Kisah Baru Eks Lokalisasi 'Dolly', Batik Rp 10 Juta Sampai Sepinya Penumpang Becak

Wisma yang dulunya adalah tempat lokalisasi kini menjadi tempat kelompok usaha bersama (KUB) Mampu Jaya.

Editor: Suci Rahayu PK
TRIBUNJATIM.COM/NURUL AINI
Wali Kota Surabaya Tri Rismaharini kunjungi kelompok usaha pembuatan sepatu dan slipper hotel di eks Wisma barbara Dolly pada Senin (20/8/2018) 

TRIBUNJAMBI.COM, SURABAYA - Sejak 2014, lokalisasi Dolly di Surabaya telah ditutup.
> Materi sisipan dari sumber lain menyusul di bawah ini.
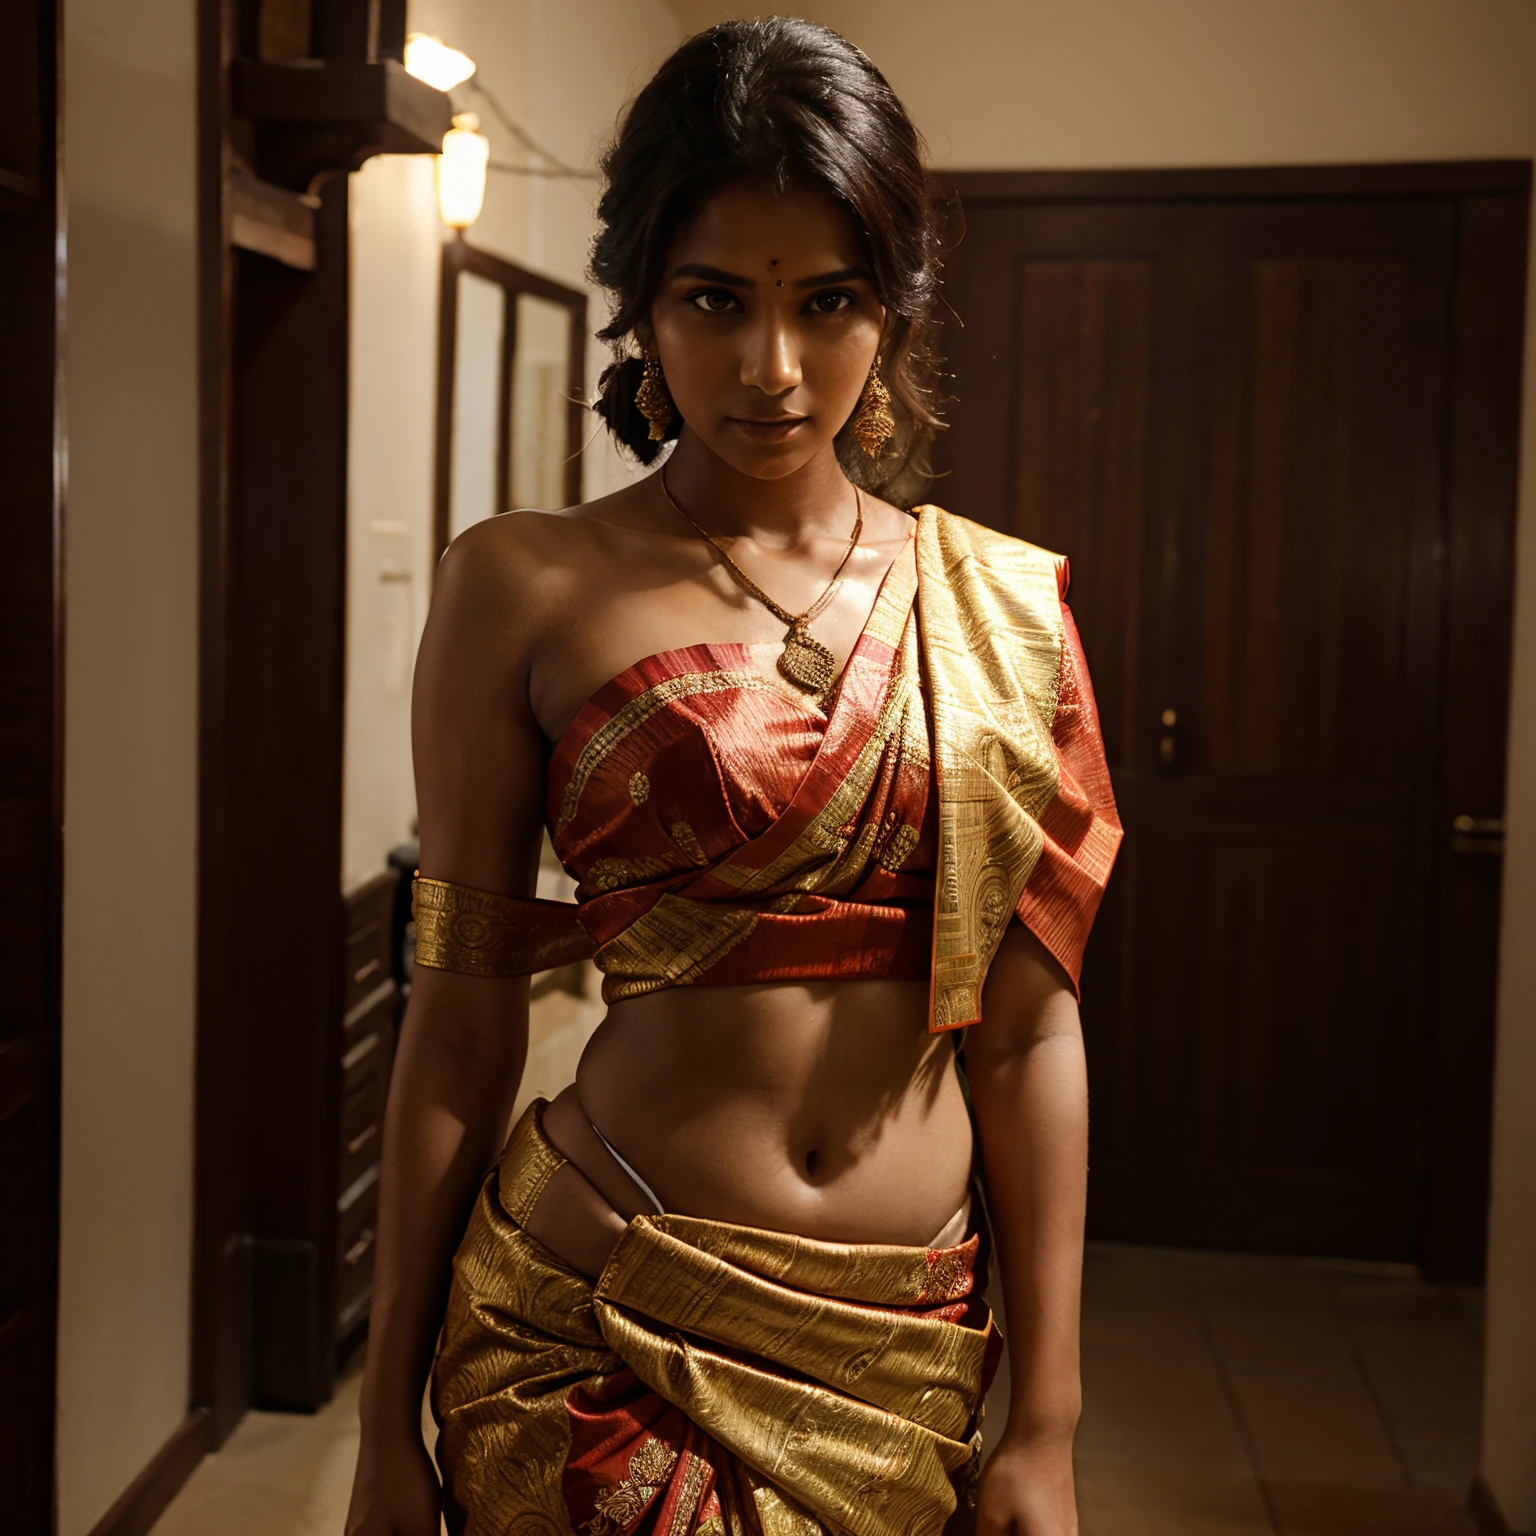 Modèle avec sari traditionnel indien portant

Baru-baru ini Wali Kota Surabaya, Tri Rismaharini mengunjungi Wisma Barbara, di eks lokalisasi pelacuran Dolly.

Wisma yang dulunya adalah tempat lokalisasi kini menjadi tempat kelompok usaha bersama (KUB) Mampu Jaya.

Baca: Peluang Usaha Kerjasama Depo Indoeskrim di Jambi, Dipinjami Fasilitas, Minat? Hubungi Nomor Ini

Kepada pelaku usaha Risma ingin memastikan produktivitas terus meningkat.

KUB Mangku Jaya yang dikoordinasi oleh Atik memproduksi sepatu kulit, sepatu sekolah dan slipper hotel.

"Harus meningkat ya. Nanti kalau sudah maju, bagus sepatunya saya buatkan training (pelatihan membuat) tas. Tapi yang ini harus bagus dulu," kata Risma, Senin (20/8/2018).

Saat ini KUB Mangku Jaya memperkerjakan 30 orang, 18 orang khusus membuat sepatu, sisanya membuat slipper.

Susah dapatkan bahan

Wali Kota Surabaya, Tri Rismaharini mengunjungi Wisma Barbara, di eks lokalisasi Dolly.

Koordinator KUB Mangku Jaya, Atik mengaku produktifktas KUB Mangku Jaya telah lumayan meningkat bahkan ia malah mengeluhkan susahnya mendapat bahan.

"Kita yang susah itu beli bahannya," kata Atik saat bertemu Risma dan Edhi Yuwono direktur PT Wijaya Mapan Abadi sebagai distributor singer Indonesia.

Singer Indonesia menyumpangkan 15 unit mesin jahit merk singer pada KUB Mangku Jaya.

Sumbang 15 mesin jahit

Walikota Surabaya, Tri Rismaharini bersama Edhi Yuwono, direktur PT Wijaya Mapan Abadi, distributor resmi Singer di Indonesia mengunjungi KUB Mampu Jaya di eks lokalisasi Dolly.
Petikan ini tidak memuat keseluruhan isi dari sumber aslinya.